TASK REQUIREMENTS - From the line that contains "La terreur Bird" through the end of the records below, write out each line exactly as it appears, but not the pictures.

☆ ☆ ☆

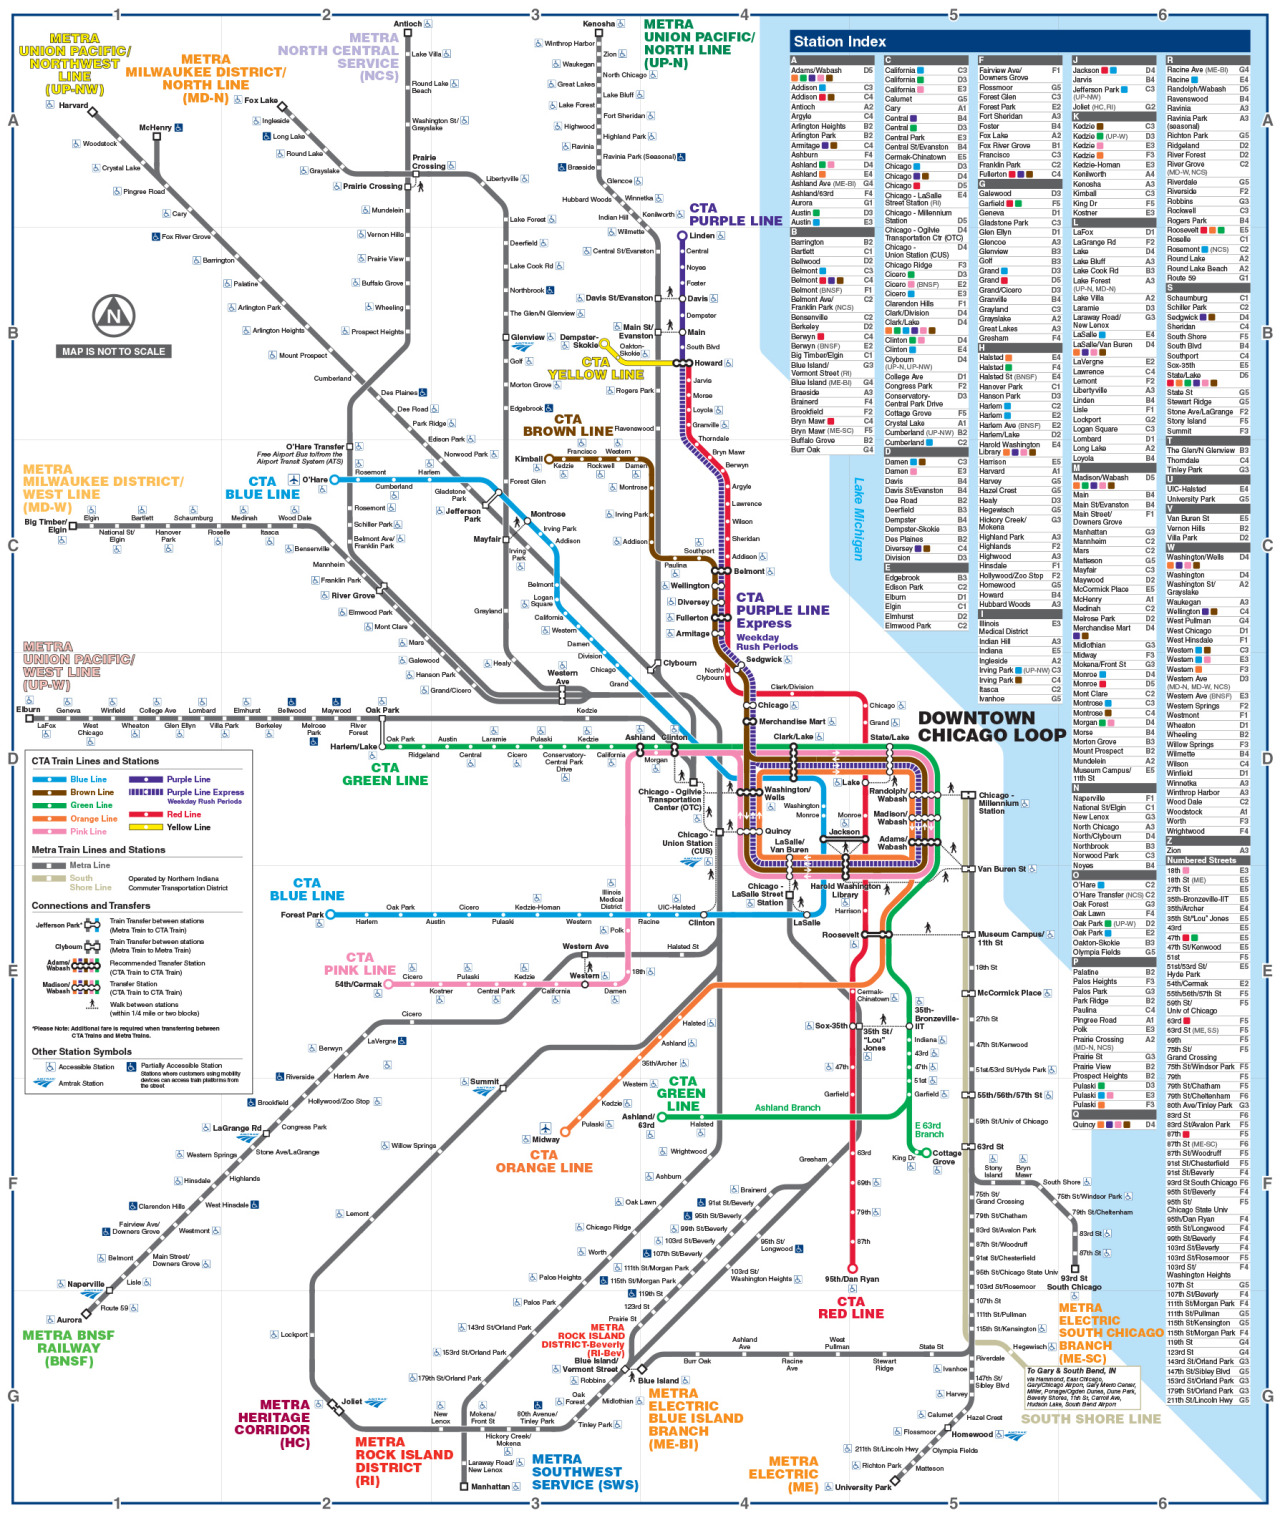 Official Map: Chicago Regional Transportation Authority â€œRail Connectionsâ€ Map, 2015
Submitted by Michael Whalen (amongst others), who says:
I just stumbled upon this map showing all CTA/Metra/SouthShore train connections in Chicago. Thereâ€™s a lot...
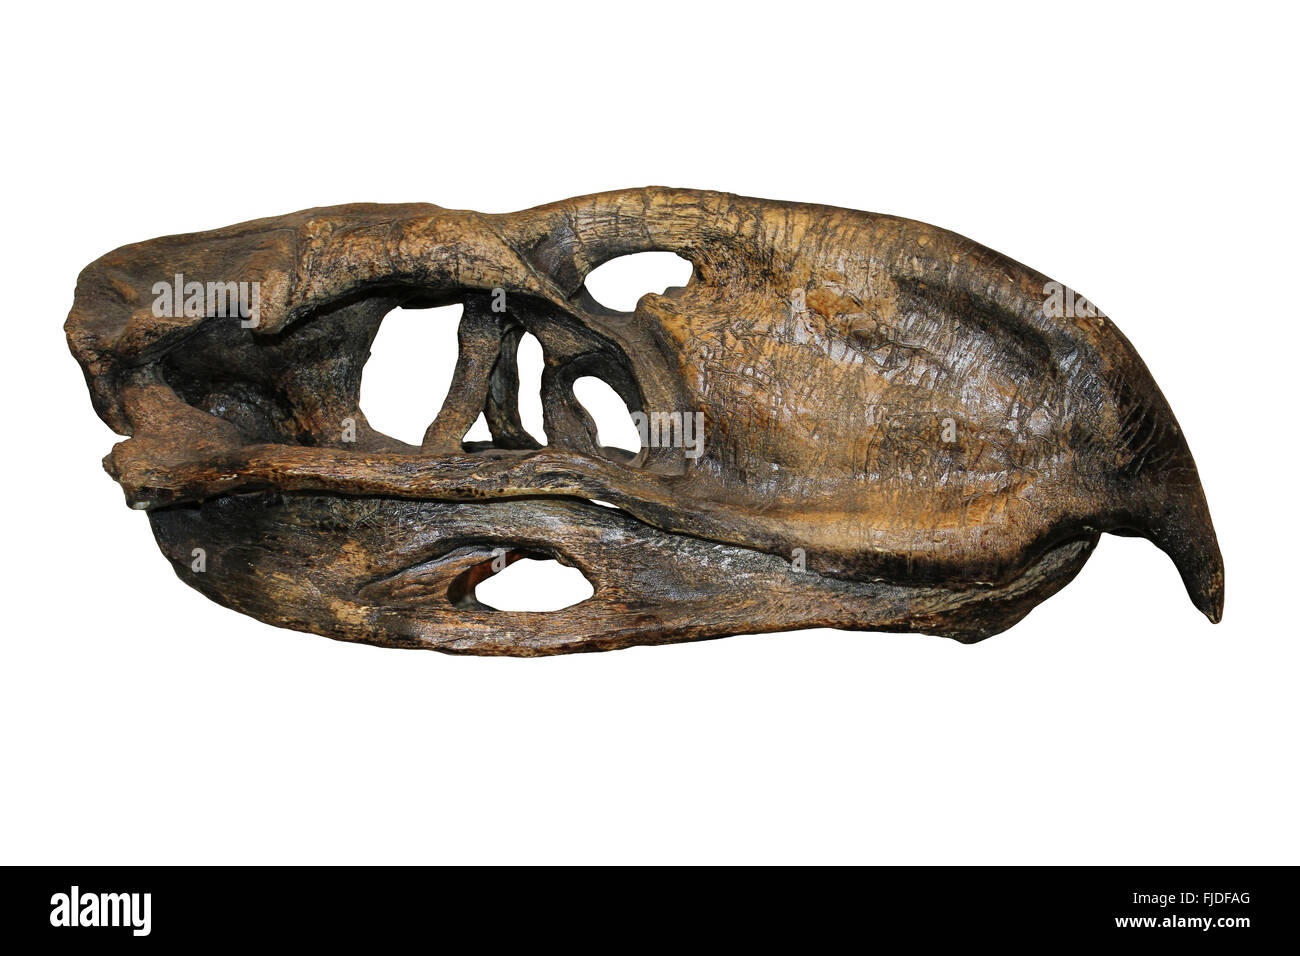 La terreur Bird Skull Phorusrhacos longissimus Amérique du Sud a propos de l'enseignement supérieur 45-25 millions d'années Banque D'Images
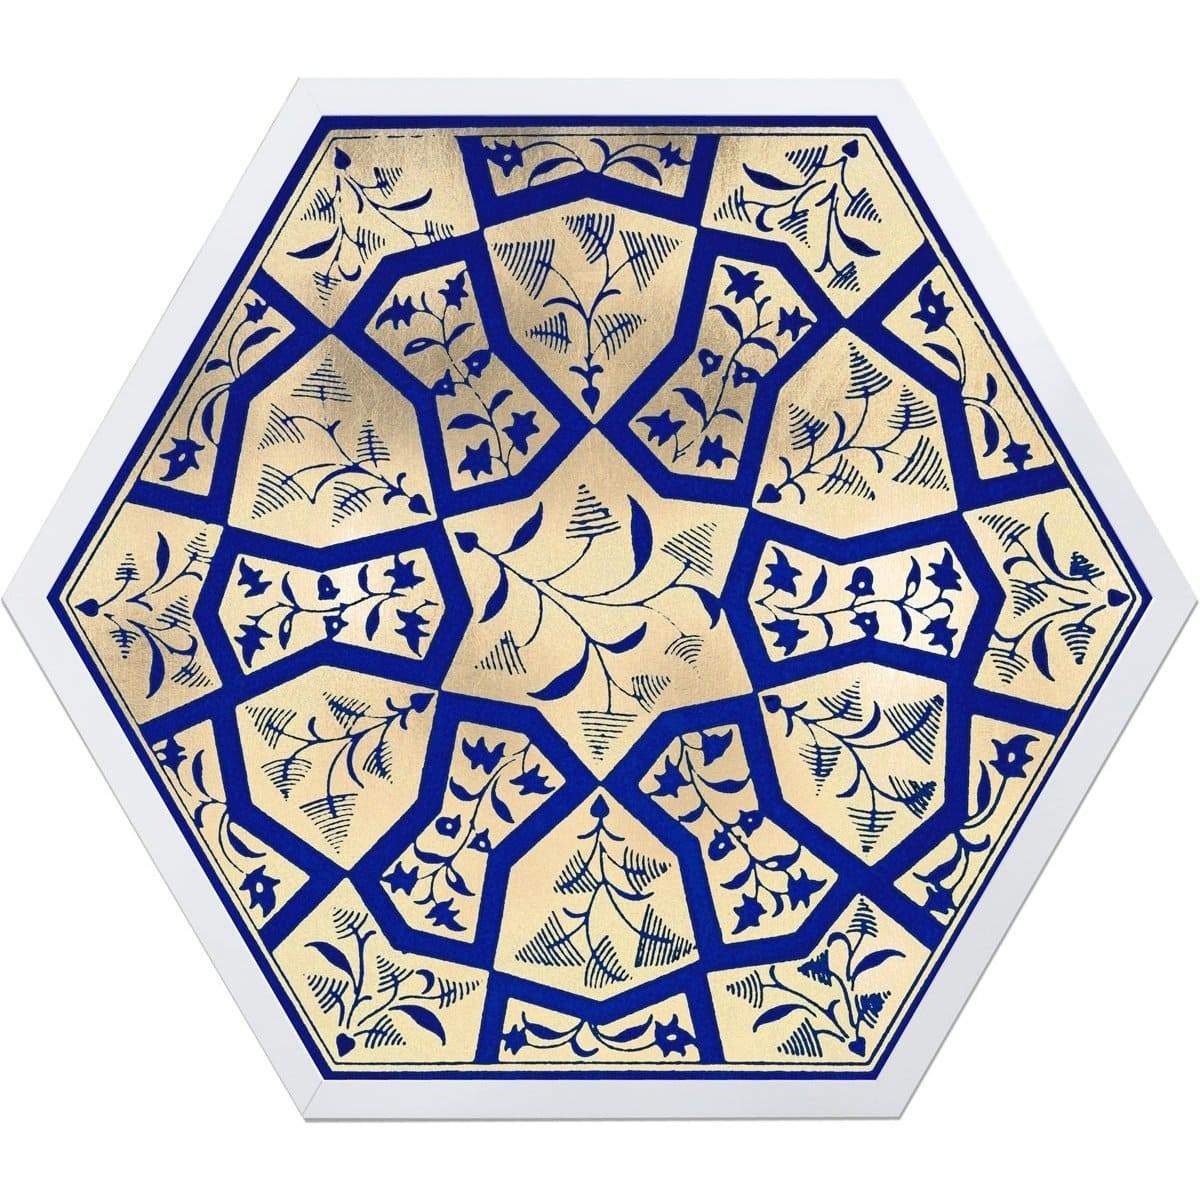 Natural Curiosities Hexagon Moroccan Tile Design No. 1 Wall natural-curiosities-hexagon-moroccan-tile-design-1
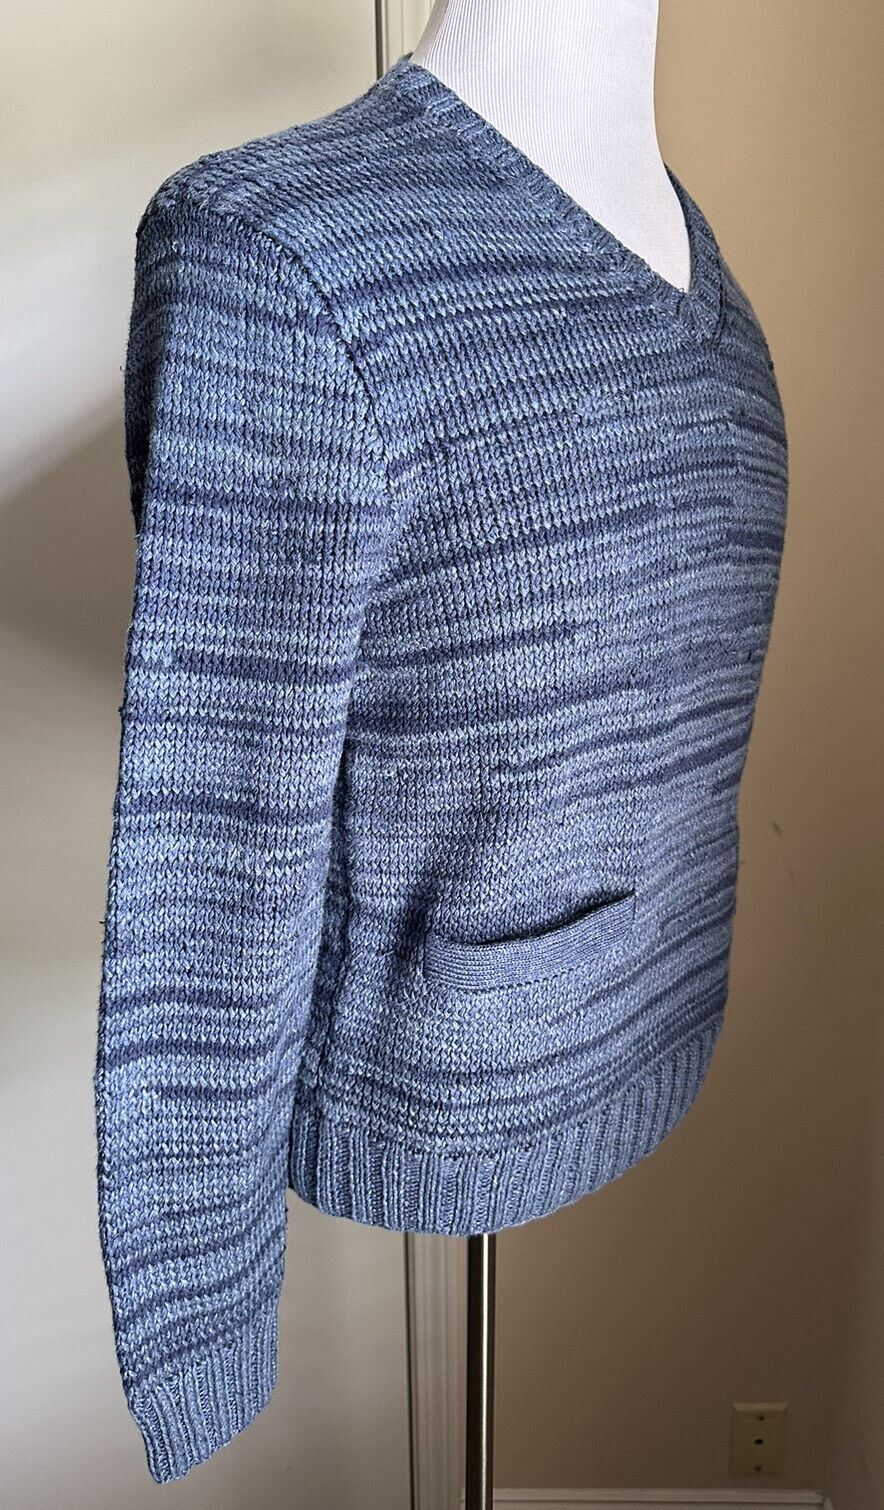 Neu mit Etikett: 1295 $ Ralph Lauren Purple Label Handgestrickter Herrenpullover mit V-Ausschnitt Blau M

☆ ☆ ☆

OUTPUT OF THE TASK -
 La terreur Bird Skull Phorusrhacos longissimus Amérique du Sud a propos de l'enseignement supérieur 45-25 millions d'années Banque D'Images
 Natural Curiosities Hexagon Moroccan Tile Design No. 1 Wall natural-curiosities-hexagon-moroccan-tile-design-1
 Neu mit Etikett: 1295 $ Ralph Lauren Purple Label Handgestrickter Herrenpullover mit V-Ausschnitt Blau M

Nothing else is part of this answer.